Aim: The aim of this study was to evaluate the risk factor of gallstone occurrence after distal gastrectomy (DG) for gastric cancer. Methods: Relevant documents published from 2000 to 2016 were retrieved in PubMed, Web of Knowledge, and Ovid's database, and a metaanalysis was performed with RevMan 5.0 software for odds ratios (ORs) and 95% confidence intervals (CIs). Results: Eight studies met the final inclusion criteria. From the pooled analyses, nonphysiological reconstruction (OR = 1.51; 95% CI = 1.10–2.08; P = 0.01) and vagus nerve resection (OR = 2.79; 95% CI = 1.57–4.96; P = 0.0005) were significantly associated with increased risk of gallstone after DG. Conclusion: Our analysis indicated that digestive tract reconstruction and vagus nerve resection were strongly and consistently associated with gallstone formation after DG.

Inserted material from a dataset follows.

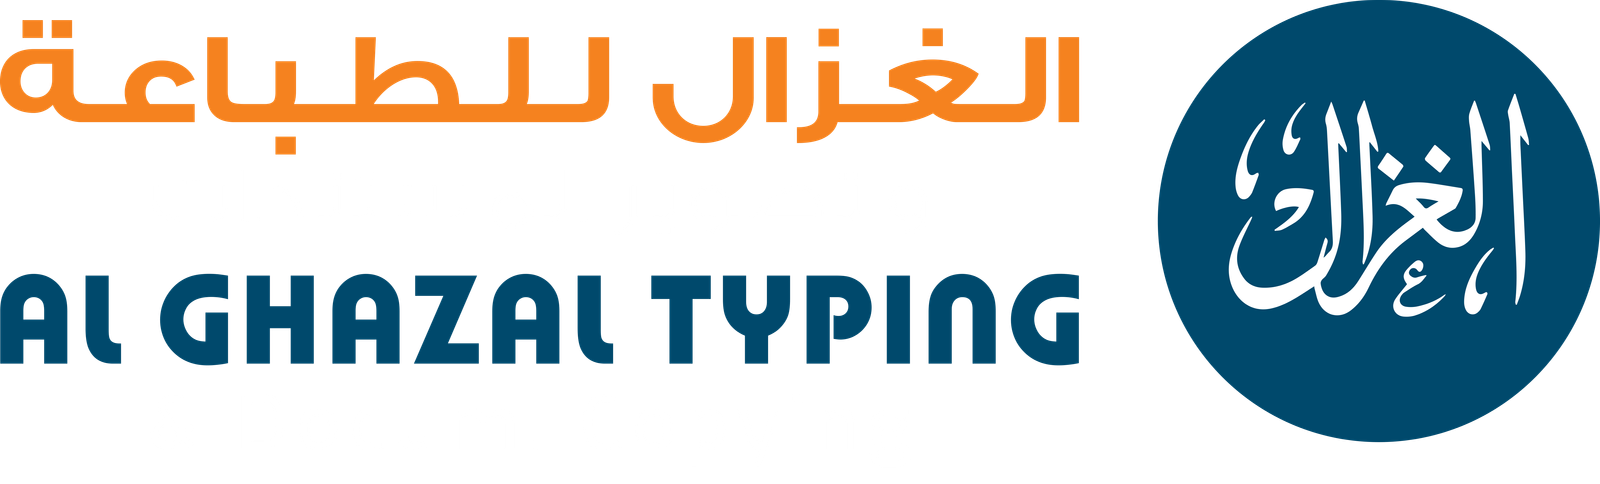 Al GHAZAL TYPING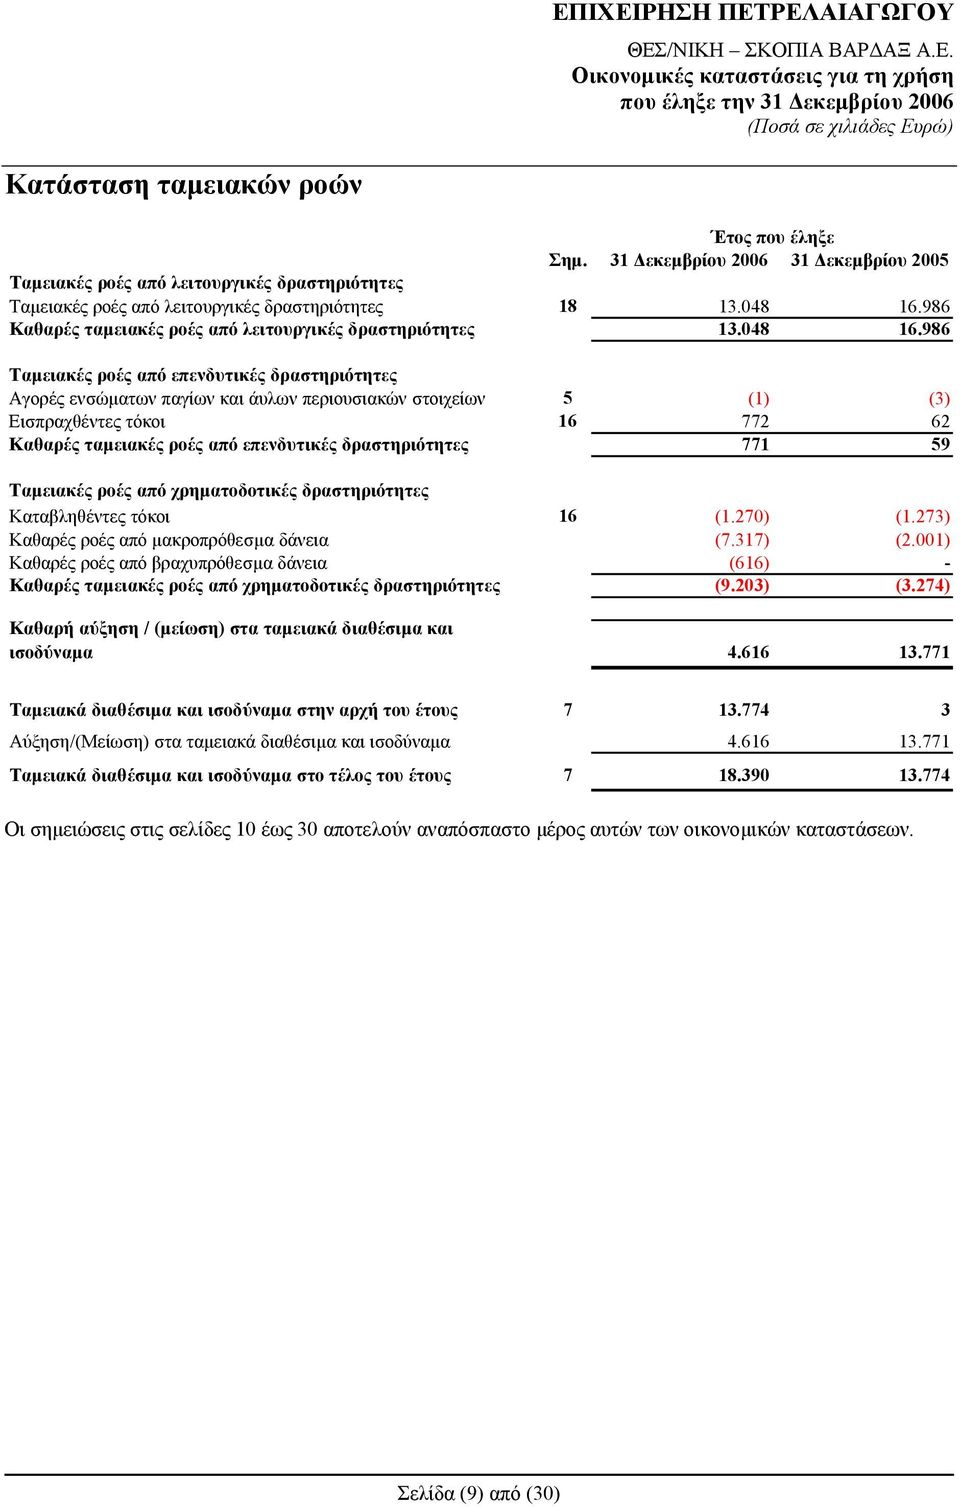 986 Ταμειακές ροές από επενδυτικές δραστηριότητες Αγορές ενσώματων παγίων και άυλων περιουσιακών στοιχείων 5 (1) (3) Εισπραχθέντες τόκοι 16 772 62 Καθαρές ταμειακές ροές από επενδυτικές

Keywords: Distal gastrectomy, gallstone formation, gastric cancer, meta-analysis


How to cite this article:
Chen Y, Li Y. Related factors of postoperative gallstone formation after distal gastrectomy: A meta-analysis. Indian J Cancer 2017;54:43-6

How to cite this URL:
Chen Y, Li Y. Related factors of postoperative gallstone formation after distal gastrectomy: A meta-analysis. Indian J Cancer [serial online] 2017 [cited 2020 Mar 29];54:43-6. Available from: http://www.indianjcancer.com/text.asp?2017/54/1/43/219605



 » Introduction Top


The incidence of gallstone formation has been regarded as one of the most common complications after gastrectomy.[1],[2],[3] The underlying pathophysiology of this phenomenon for this postoperative disease has included alterations in gallbladder motility, release of cholecystokinin (CCK), and gallbladder responses.[4],[5] Such changes may be caused by the various surgical procedures included resection of the vagal nerve, nonphysiological reconstruction of the gastrointestinal tract, and altered response to and secretion of CCK.[4],[5],[6] Cancers occur most often in the distal stomach, the lesser curvature of the antrum, and the prepyloric region.[7] Billroth-I (B-I), B-II, and Roux-en-Y (R-Y) reconstructions have commonly been performed after distal gastrectomy (DG). However, few studies with sufficient data are available about risk factors for gallstone after DG.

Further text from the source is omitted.